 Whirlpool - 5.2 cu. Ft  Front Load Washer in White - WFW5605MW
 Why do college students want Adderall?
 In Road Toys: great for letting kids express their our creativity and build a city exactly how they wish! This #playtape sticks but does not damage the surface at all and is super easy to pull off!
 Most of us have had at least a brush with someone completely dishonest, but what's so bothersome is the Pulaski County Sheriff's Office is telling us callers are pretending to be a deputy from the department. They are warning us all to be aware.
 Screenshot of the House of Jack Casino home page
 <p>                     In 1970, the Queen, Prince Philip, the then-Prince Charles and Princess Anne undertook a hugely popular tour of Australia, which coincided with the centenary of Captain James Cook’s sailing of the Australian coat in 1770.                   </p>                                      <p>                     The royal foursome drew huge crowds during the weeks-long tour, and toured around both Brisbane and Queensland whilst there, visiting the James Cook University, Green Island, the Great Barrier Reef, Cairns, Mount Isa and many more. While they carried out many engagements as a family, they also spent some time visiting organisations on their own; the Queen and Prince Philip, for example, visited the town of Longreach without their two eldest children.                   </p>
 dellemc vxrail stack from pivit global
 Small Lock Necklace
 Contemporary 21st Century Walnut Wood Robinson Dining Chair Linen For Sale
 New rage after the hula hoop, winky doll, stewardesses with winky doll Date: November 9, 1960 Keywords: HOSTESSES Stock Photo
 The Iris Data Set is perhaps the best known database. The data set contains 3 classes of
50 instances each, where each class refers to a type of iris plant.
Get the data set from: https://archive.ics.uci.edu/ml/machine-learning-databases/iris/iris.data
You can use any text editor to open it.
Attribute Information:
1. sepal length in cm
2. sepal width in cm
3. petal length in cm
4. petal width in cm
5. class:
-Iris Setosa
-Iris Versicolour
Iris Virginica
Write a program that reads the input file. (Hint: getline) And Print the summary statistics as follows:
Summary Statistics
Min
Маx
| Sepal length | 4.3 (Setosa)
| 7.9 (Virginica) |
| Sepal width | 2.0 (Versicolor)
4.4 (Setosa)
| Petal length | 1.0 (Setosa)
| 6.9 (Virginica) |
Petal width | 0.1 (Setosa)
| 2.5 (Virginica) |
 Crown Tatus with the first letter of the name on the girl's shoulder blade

About this exercise:
Every line from the one holding "New rage after" through the last line of the listing above should be set down exactly, and nothing more.

Exercise result:
 New rage after the hula hoop, winky doll, stewardesses with winky doll Date: November 9, 1960 Keywords: HOSTESSES Stock Photo
 The Iris Data Set is perhaps the best known database. The data set contains 3 classes of
50 instances each, where each class refers to a type of iris plant.
Get the data set from: https://archive.ics.uci.edu/ml/machine-learning-databases/iris/iris.data
You can use any text editor to open it.
Attribute Information:
1. sepal length in cm
2. sepal width in cm
3. petal length in cm
4. petal width in cm
5. class:
-Iris Setosa
-Iris Versicolour
Iris Virginica
Write a program that reads the input file. (Hint: getline) And Print the summary statistics as follows:
Summary Statistics
Min
Маx
| Sepal length | 4.3 (Setosa)
| 7.9 (Virginica) |
| Sepal width | 2.0 (Versicolor)
4.4 (Setosa)
| Petal length | 1.0 (Setosa)
| 6.9 (Virginica) |
Petal width | 0.1 (Setosa)
| 2.5 (Virginica) |
 Crown Tatus with the first letter of the name on the girl's shoulder blade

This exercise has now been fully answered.